Wednesday, April 25, 2007

Basics of Biomechanics, Muscle Physiology and Energy Systems for Athletes

Athletes who want to do their best need to have knowledge of at least some of the basic facts of anatomy, biomechanics, muscle physiology, and energy metabolism and how they influence strength training and endurance training programs. While most athletes may not need to know as much as the scientist in the laboratory, he or she needs to know enough to judge the suitability of different training methods for their given sport.

HOW THE BODY MOVES

The body moves when muscles contract. The muscles connect two or more bones that meet in articulating joints. One end of the muscle is attached by a tendon, a strong, rope-like cord made from collagen, to a bone at a point close to the center of the body. That point is referred to as the origin of the muscle. The other end of the muscle is attached by another tendon to a point on a bone further away from the center of the body. This point of attachment is called the insertion. The contracting muscle pulls the insertion point closer to the origin. The bones are used as levers to move the body and apply force to external objects. The bones are designed to fit together to provide ease of motion and stability. The ends of the bones are covered with articular cartilage that prevents friction from wearing down the parts of the bones that are in contact with each other. The bones are held together by ligaments and the joint capsule. Both are made of connective tissue, collagen fibers.

WHAT IS MUSCLE?

Muscles are comprised of long, thin cells collectively known as muscle fibers. The muscles contract when stimulated by a motor nerve. The motor nerve is comprised of bundles of cells called neurons that are designed to conduct changes in electrical charge along the surface of the cells. These charges are the result of the exchange of positive sodium ions on the outside of the cell membrane of the neuron for negatively charged potassium ions on the inside of the cell membrane of the neuron. Between each neuron are gaps called synapses through which the nerve impulse is conveyed via a neurotransmitter called acetylcholine. When the receptor sites on the end of a cell are filled with acetylcholine molecules, the nerve impulse is conveyed along the surface of the neuron to the next nerve junction until the last neuron intersects the neuromuscular junction. The nerve impulse stimulates the receptor sites to release calcium into the muscle cells, causing them to contract. Each neuron stimulates a certain number of muscle fibers. The strength of the impulse is determined by the number of neurons conveying the command to contract, which determines the force of the contraction.

The contractile element of the muscle fiber is called the myofibril. The myofibrils are composed of a linear element called actin, which are linked to each other by cross-bridges called myosin. Under the electron microscope, the interior of the muscle fiber resembles an aerial view of rowing crews. The cross bridges pull together, shortening the cell. As the muscle fiber contracts, the cross-bridges unlink, then link to a position farther down the actin filament, creating greater contraction. Each cell is linked longitudinally to the next. The muscle cells become shorter and thicker around the middle as they contract. This makes the entire muscle change shape the same way.

These fibers are grouped into bundles surrounded by a sheath of connective tissue. At each end, the muscle tapers to a tendon. The muscle contraction is comprised of the directed contraction of a however many of the muscle fibers as is necessary to perform the function required. The force of the contraction is directly proportional to the percentage of the muscle fibers that are contracting, and the amount of force each individual fiber can generate. Individual muscle fibers either contract completely, or not at all. That is called the all-or-none principle. In essence, the contraction of a muscle cell is like the state of an electric light. It is either on or it is off.

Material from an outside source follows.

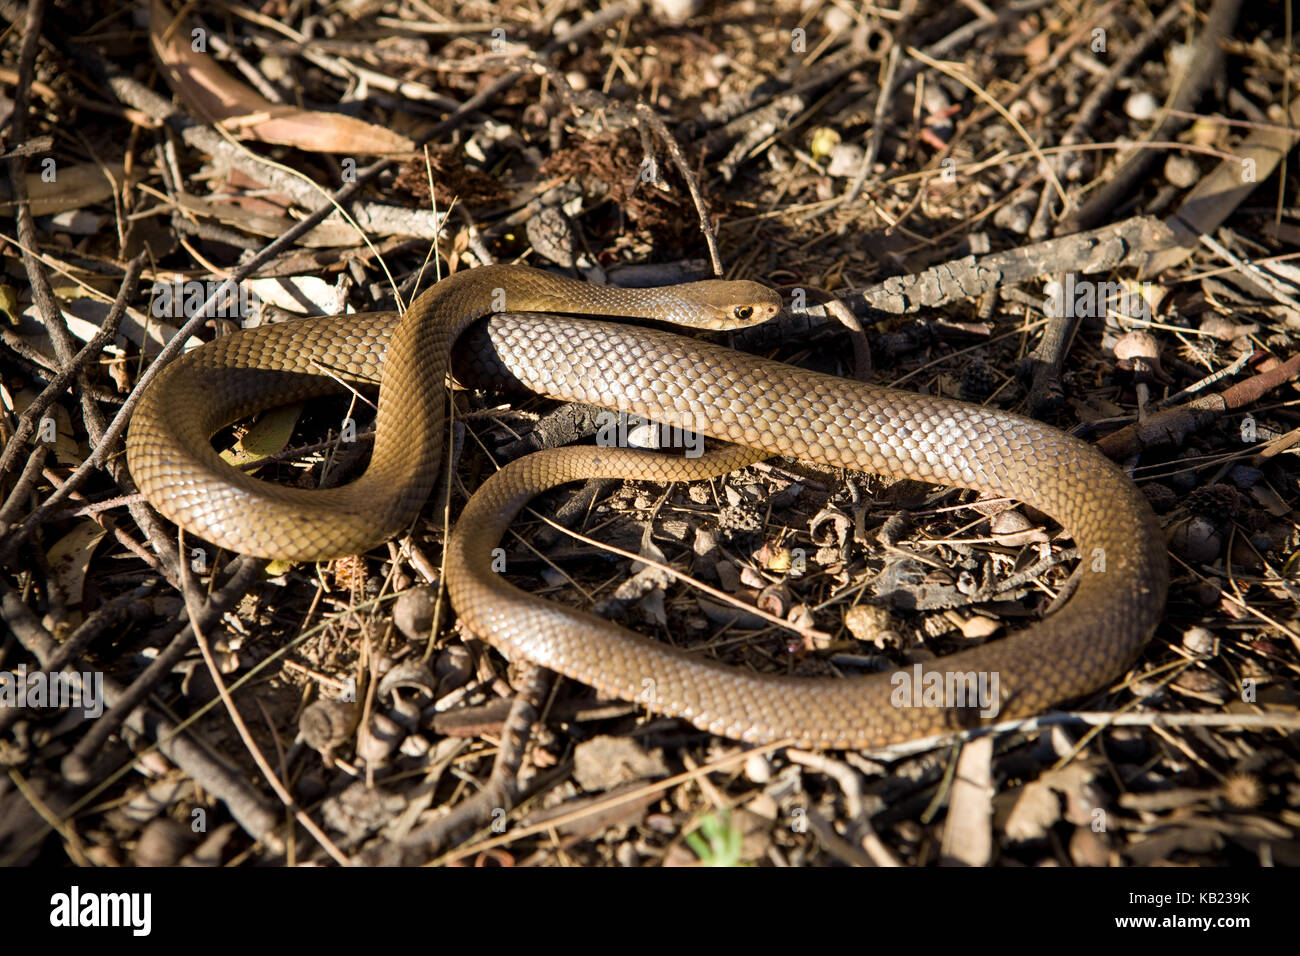 Abitare una vasta porzione di Australia dai deserti alle regioni costiere, l'Orientale Brown è uno dei più letali serpenti nel mondo. Sebbene nota Foto Stock

Most natural movements of the body are multi-joint and use a number of muscle groups working together. The muscle(s) that provides most of the function for a particular movement is known as prime movers. Muscles that assist the prime movers are called secondary movers. Muscles that oppose the prime movers are known as antagonists, muscles that statically hold the body in position are known as stabilizers.

MUSCLE FIBER TYPES AND FUNCTIONS

Muscles are comprised of two basic types of contractile fibers. Type I muscle fibers are also known as the oxidative type or slow-twitch fibers. They don't contract very fast or forcefully, but have great endurance. This high level of endurance is due to the abundance of fat-burning enzymes to help use fat as a fuel in moderate intensity, long-term exercise. It doesn't grow (hypertrophy) to any large degree. The other basic type of muscle fiber is the Type II or fast-twitch fibers. There are two subtypes of type I fiber. Muscle Fiber Type IIb contracts rapidly and with great force, growing large when subjected to high workloads. But, this type of fiber fatigues rapidly. Type IIb fibers have an abundance of glycolytic enzymes to burn sugar as fuel without oxygen. Muscle fiber type IIa has capabilities intermediate between the other type I and type IIb, but can convert to Type I with extensive and long-term endurance training. Type IIa and Type IIb fibers are collectively known as Fast-twitch fibers. Every muscle of every person has some of all three muscle fiber types. However, some muscles have a predominance of whatever type of fibers best fulfill the function of those muscles.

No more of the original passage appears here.